Mon regard se pose enfin sur eux, trois filles magnifiques. Deux brunes et une teintée blanc-gris au reflet mauve pastel. Elles arborent un style gothique, mais celle qui m’intéresse est plus dans la palette grunge-gothique. Je marche rapidement dans leur direction, alors qu’elles rient encore de mes habits, et je sens que la concernée ne veut pas que je m’approche d’avantage, grâce à son aura flamboyante de colère. Je ris de bon cœur en me postant à ces côtés alors qu’elle me dévisage méchamment.

« Dégage » me crache-t-elle au visage.

Le cœur léger et amusée, je lui souris avec compassion comme si je sais ce qu’elle vit chez elle, ce qui la désarçonne un moment et me permet de retirer une des clefs de mon cou pour la lui poser dans la paume. Les yeux de ses deux amies s’agrandissent et me dévisagent en alternance avec la pendeloque. Je ne comprends pas leur agissement, quand soudain cela me frappe lorsqu’une prononce un nom.

« Lily c’est…! » dit une des brunes, en regardant la concernée, interloqué.

Lors de mon séjour prolongé à l’école humaine j’ai entendu les rumeurs et les histoires horribles qui circulaient sur nos cercles, hypothétiquement depuis plusieurs générations et je jurerais que c’est le cercle des ténèbres qui ont propagés ses atrocités, échangeant leur cercle au notre. Je crois bien, qu’elles viennent de comprendre que tout cela n’était pas que des rumeurs, mais eux me prendront pour une déséquilibrée voire pour les endoctriner dans une secte.

« Oui, vous avez raison, nous sommes toujours parmi vous. » dis-je en regardant celle qui a parler. « Toi, Lily, tu as été choisi et je sais qu’à cet instant tu crois encore à ses sottises, mais avant de tourner le dos à ton sang, commence par observer attentivement autour de toi.
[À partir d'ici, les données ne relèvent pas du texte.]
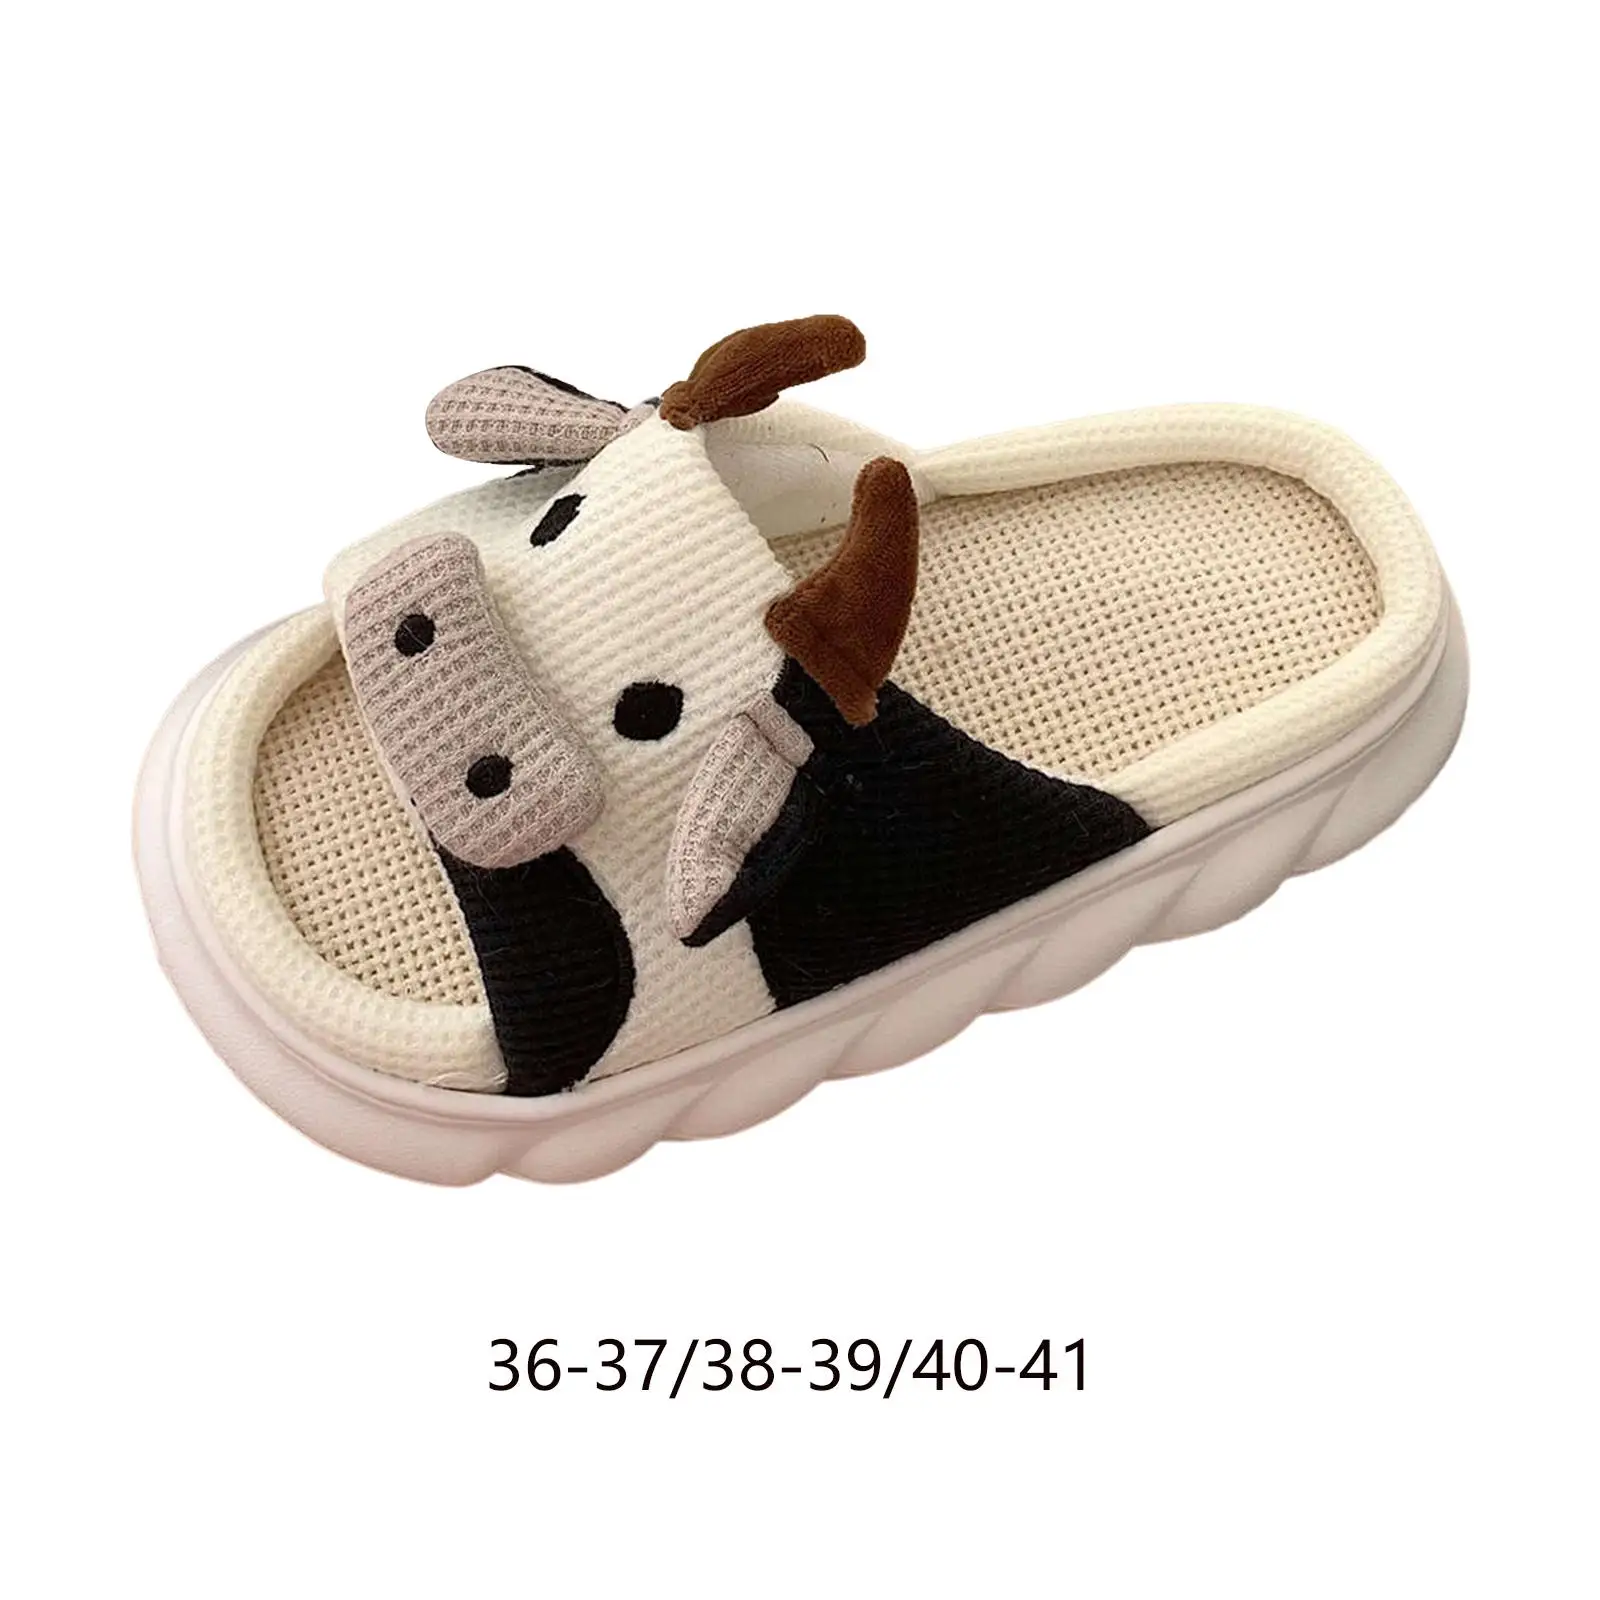 Cow Linen Cotton Slippers Soft Washable Flax Home Slippers for Indoor Outdoor Women Girls

N’oublie pas la nuit étoilée, elle peut aussi t’apporter conseil. »

Mes paroles sont venue avec une telle simplicité que cela m’étonne. Ces paroles sont unique, que pour elle et de façon à ce que cela résonne jusqu’à son âme. Sans plus, je me détourne et continue mon chemin avec un sourire aux lèvres jusqu’à ce que je les entende, derrière moi, s’esclaffer sur la débilité de la chose. J’espère simplement que mes paroles la feront changer d’avis avec le temps. Je m’éloigne d’un pas rapide jusqu’à ce que leurs voix ne soient plus à porter de mon ouïe. Malgré toute la sagesse que je peux porter, je n’aime pas que l’on dise ce genre de chose sur moi ou mes confrères.